Aarthi Shankar is a graduate student in the Information Management Program specializing in Data Science and Analytics. She is working as a Research Assistant for the Records and Information Management Services at the University of Illinois.
This summer I had the pleasure of accessioning a large digital collection from a retiring staff member. Due to their longevity with the institution, the creator had amassed an extensive digital record. In addition to their desktop files, the archive collected an archival Outlook .pst file of 15.8 GB! This was my first time working with emails. This was also the first time some of the tools discussed below were used in the workflow at my institution. As a newcomer to the digital archiving community, I would like to share this case study and my first impressions on the tools I used in this acquisition.
My original workflow:
Convert the .pst file into an .mbox file.
Place both files in a folder titled Emails and add this folder to the acquisition folder that contains the Desktop files folder. This way the digital records can be accessioned as one unit.
Things were moving smoothly; I was able to use Emailchemy, a tool that converts email from closed, proprietary file formats, such as .pst files used by Outlook, to standard, portable formats that any application can use, such as .mbox files, which can be read using Thunderbird, Mozilla’s open source email client. I used a Windows laptop that had Outlook and Thunderbird installed to complete this task. I had no issues with Emailchemy, the instructions in the owner’s manual were clear, and the process was easy. Next, I uploaded the Email folder, which contained the .pst and .mbox files, to the acquisition external hard drive and began processing with BitCurator. The machine I used to accession is a FRED, a powerful forensic recovery tool used by law enforcement and some archivists. Our FRED runs BitCurator, which is a Linux environment. This is an important fact to remember because .pst files will not open on a Linux machine.
At Princeton, we use Bulk Extractor to check for Personally Identifiable Information (PII) and credit card numbers. This is step 6 in our workflow and this is where I ran into some issues.
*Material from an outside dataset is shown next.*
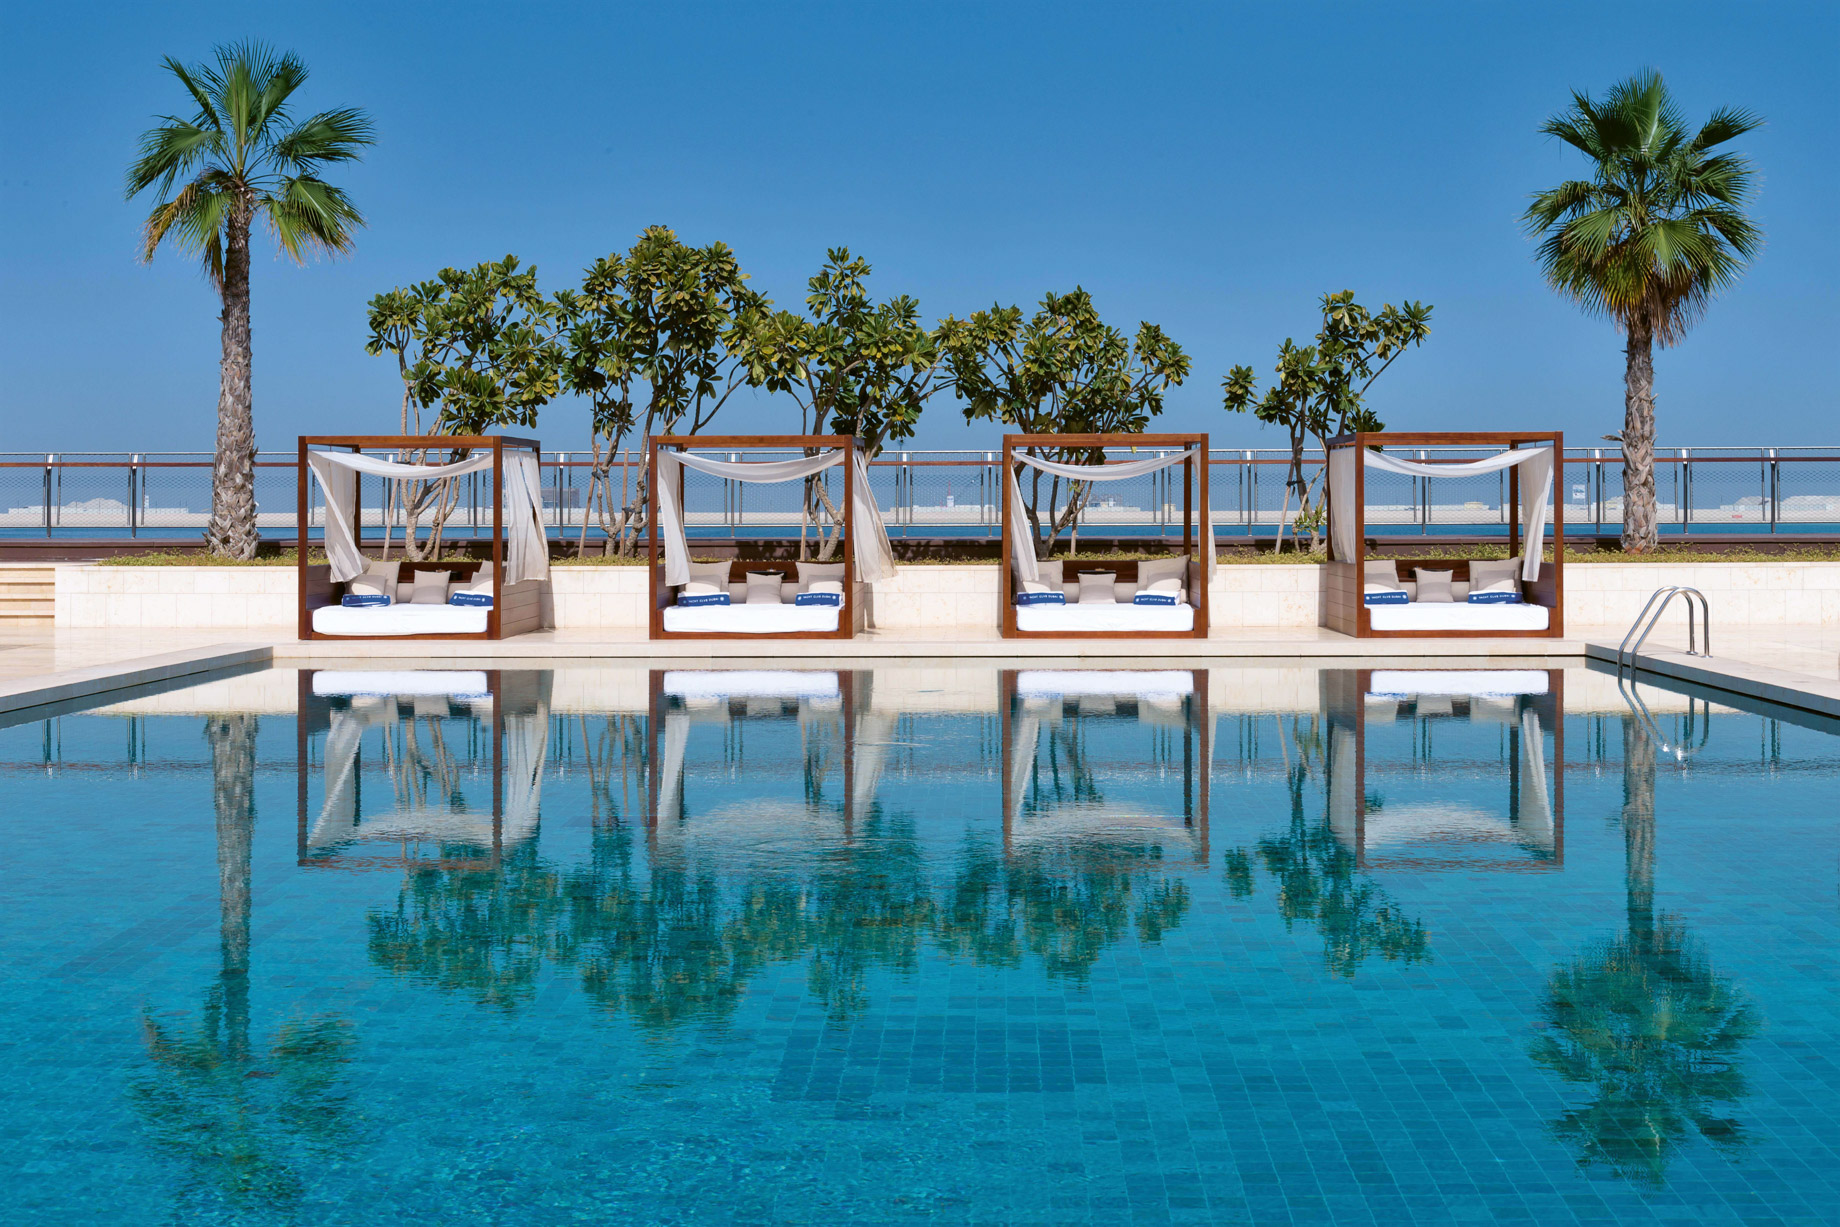 Bvlgari Resort Dubai – Jumeira Bay Island, Dubai, UAE – Bvlgari Yacht Club Poolside Cabanas

The program was unable to complete 4 threads within the Email folder and timed out. The picture above is part of the explanation message I received. In my understanding and research, aka Google because I did not understand the message, the program was unable to completely execute the task with the amount of processing power available. So the message is essentially saying “I don’t know why this is taking so long. It’s you not me. You need a better computer.” From the initial scan results, I was able to remove PII from the Desktop folder. So instead of running the scan on the entire acquisition folder, I ran the scan solely on the Email folder and the scan still timed out. Despite the incomplete scan, I moved on with the results I had.
I tried to make sense of the reports Bulk Extractor created for the email files. The Bulk Extractor output includes a full file path for each file flagged, e.g. (/home/user/Desktop/blogERs/Email.docx). This is how I was able locate files within the Desktop folder. The output for the Email folder looked like this:
Even though Bulk Extractor Viewer does display the content, it displays it like a text editor, e.g. Notepad, with all the coding alongside the content of the message, not as an email, because all the results were from the .mbox file. This is just the format .mbox generates without an email client. This coding can be difficult to interpret without an email client to translate the material into a human readable format. This output makes it hard to locate an individual message within a .pst because it is hard but not impossible to find the date or title of the email amongst the coding. But this was my first time encountering results like this and it freaked me out a bit.
Because regular expressions, the search method used by Bulk Extractor, looks for number patterns, some of the hits were false positives, number strings that matched the pattern of SSN or credit card numbers. So in lieu of social security numbers, I found the results were FedEx tracking numbers or mistyped phone numbers, though to be fair mistyped numbers are someone’s SSN. For credit card numbers, the program picked up email coding and non-financially related number patterns.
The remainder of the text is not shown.